Even though state-of-the-art processors protect against random errors within a very large fraction of the area of modern out-of-order (OOO) cores [6], it is still unknown if and how various core sub-systems (consisting of small arrays, latches, and logic) are protected. This work concentrates on one such structure: the Register Renaming sub-System (RRS) [7] of an OOO core. The RRS serves a vital role: it enforces correct dataflow, while eliminating false dependences and enabling OOO execution. An error in the RRS can devastate the program execution by causing, among other things, an instruction to hang, or execute using incorrect operands.

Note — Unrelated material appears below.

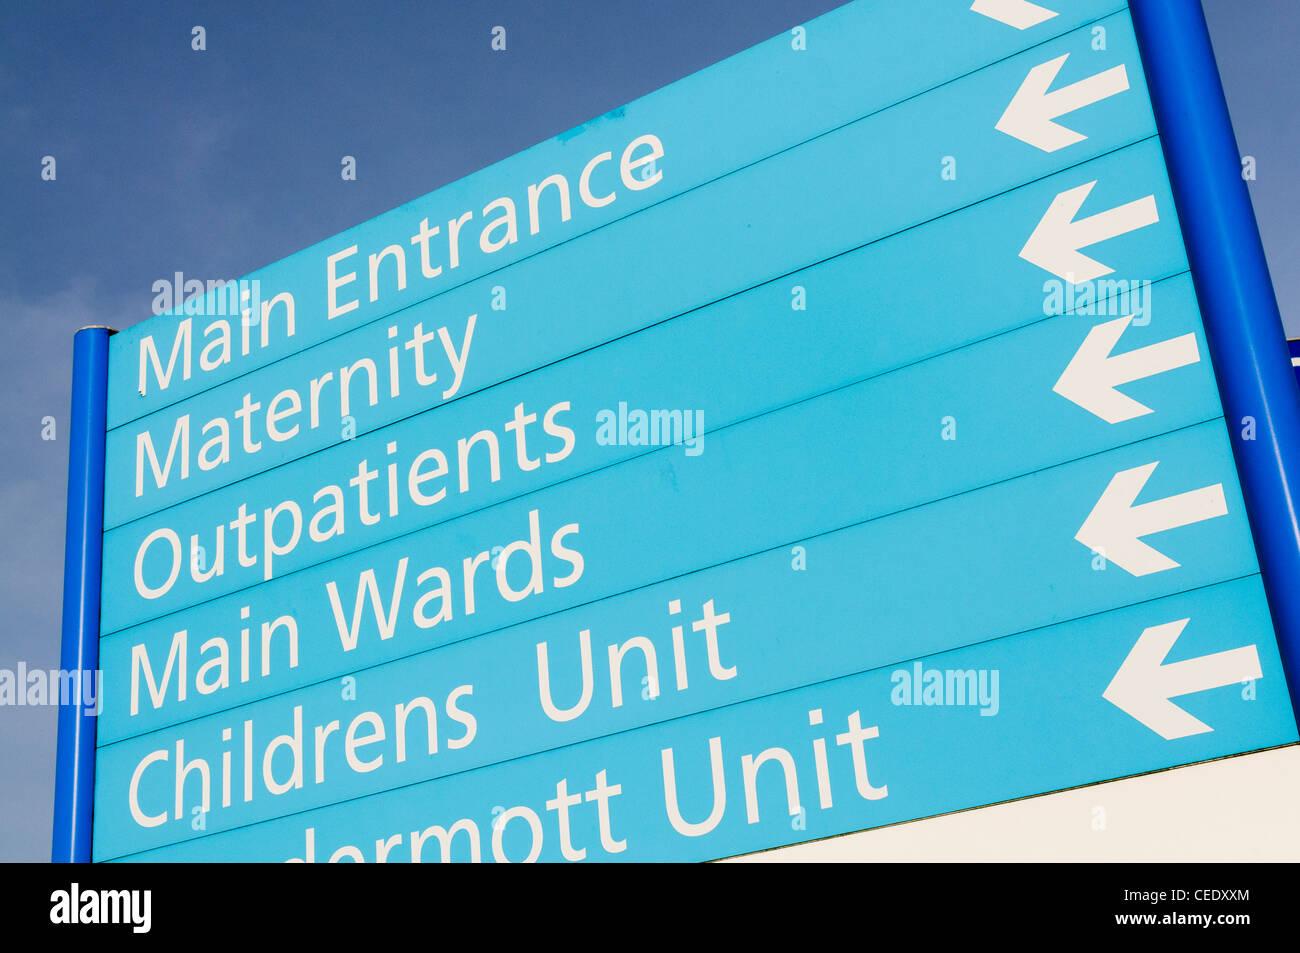 Signe de l'hôpital de maternité, les patients externes, les paroisses de l'unité et de l'enfant Photo Stock
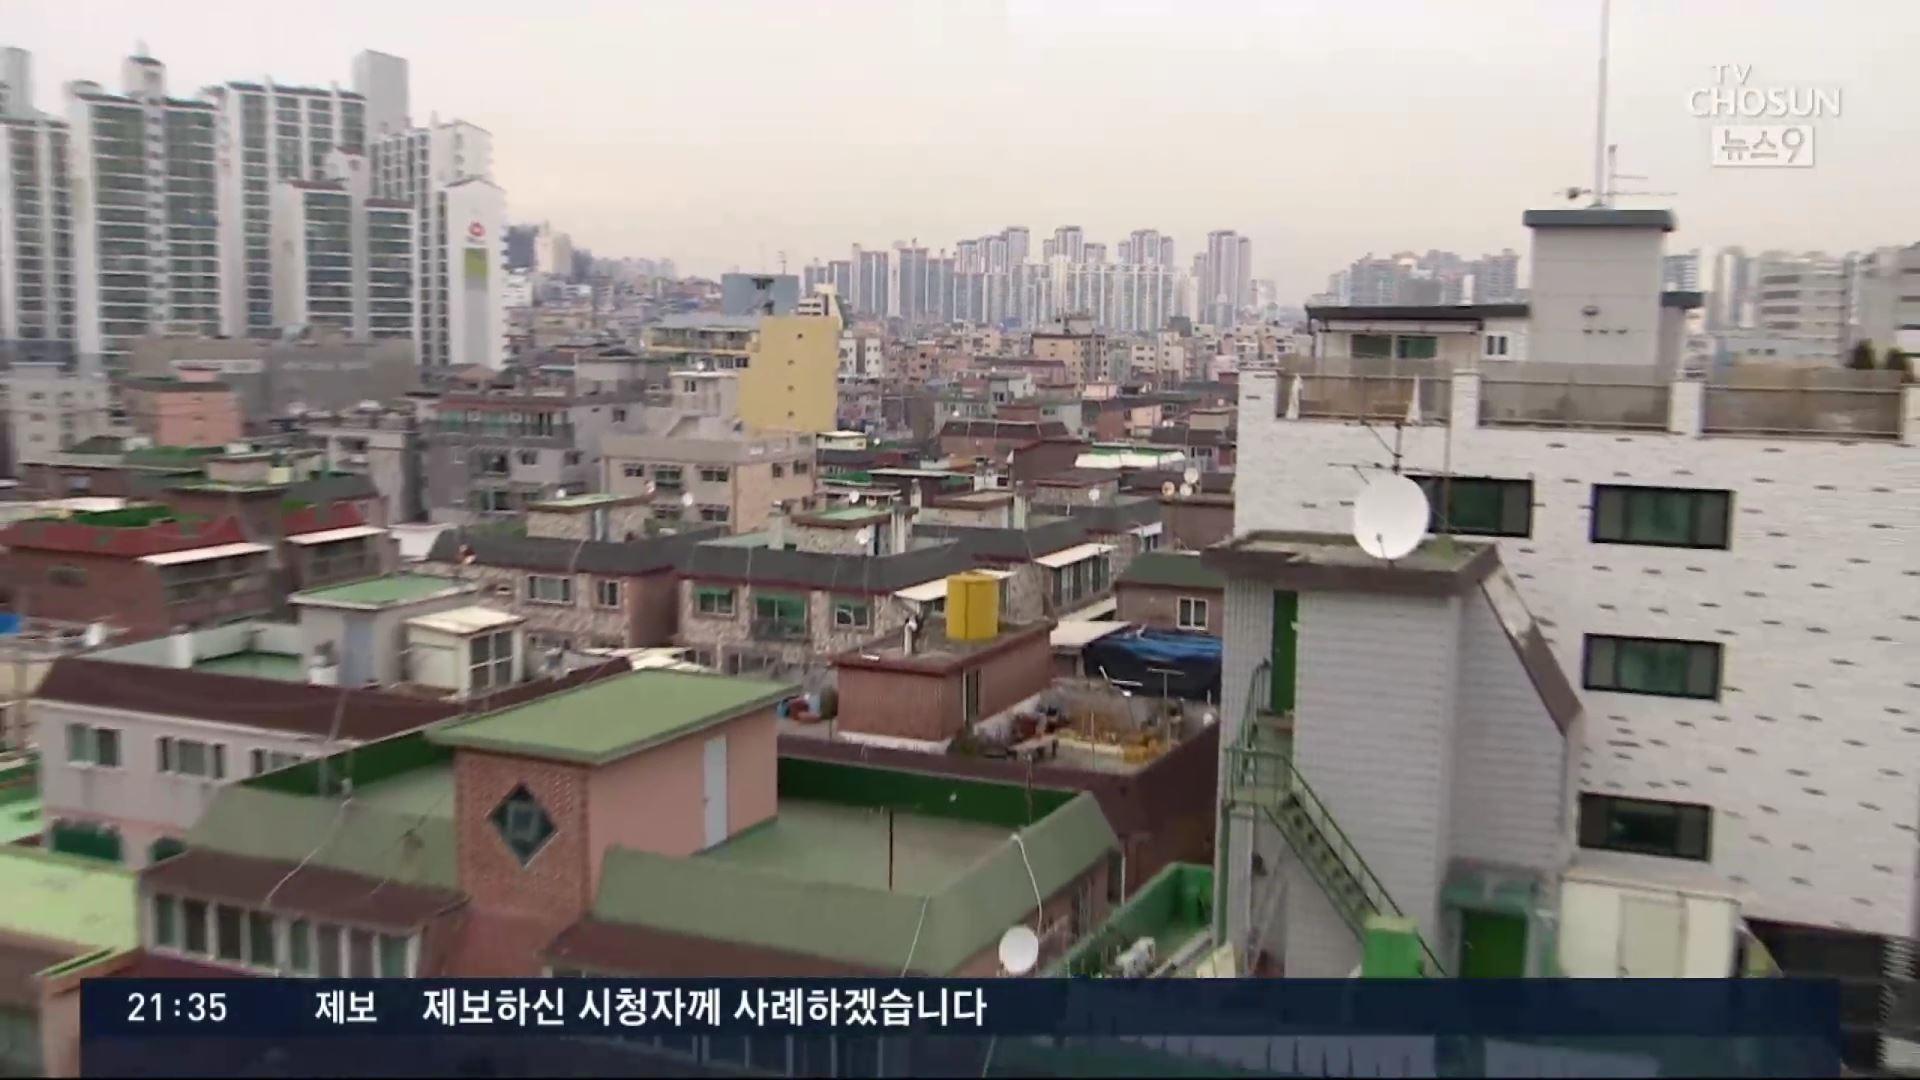 신도시 옆 뉴타운 '토지거래 허가지역'…재산권 제한 논란

The RRS is smaller as compared to a Level-1 cache, but its size has been growing in recent high-end cores to increase performance [8]. Fig. 1 underlines this trend by illustrating the growth in the size of the instruction window and the number of integer and floating-point physical registers in recent cores from one hardware vendor (there is about 15% and 6% growth per generation, respectively). A bigger instruction window



Fig. 1. Prevailing trends with technology scaling for the Intel core microarchitecture [10] and Intel Xeon processors.

and physical register file translate to bigger memory arrays inside the RRS. Moreover, fault-injection analysis of the RRS shows it to have substantial sensitivity to faults. In [9], it is shown that the set of arrays and latches related to renaming is one of the largest contributors of SEs. Another study [10] observes that two renaming arrays, the register alias table and the free list, have high vulnerability to errors: 50% and 85%, respectively. This vulnerability is much higher than what is typically reported for other small core structures [11][12]. What is more, also shown in Fig. 1, is that the number of cores found in recent high-end processors is increasing exponentially. Assuming that the failure contribution per bit in the RRS is not scaling down at a faster rate than the product of the growth rates of the RRS size and the number of cores, then the combined effect of the trends in Fig. 1 is an increase in the failure contribution from the arrays in the RRS with each new processor product.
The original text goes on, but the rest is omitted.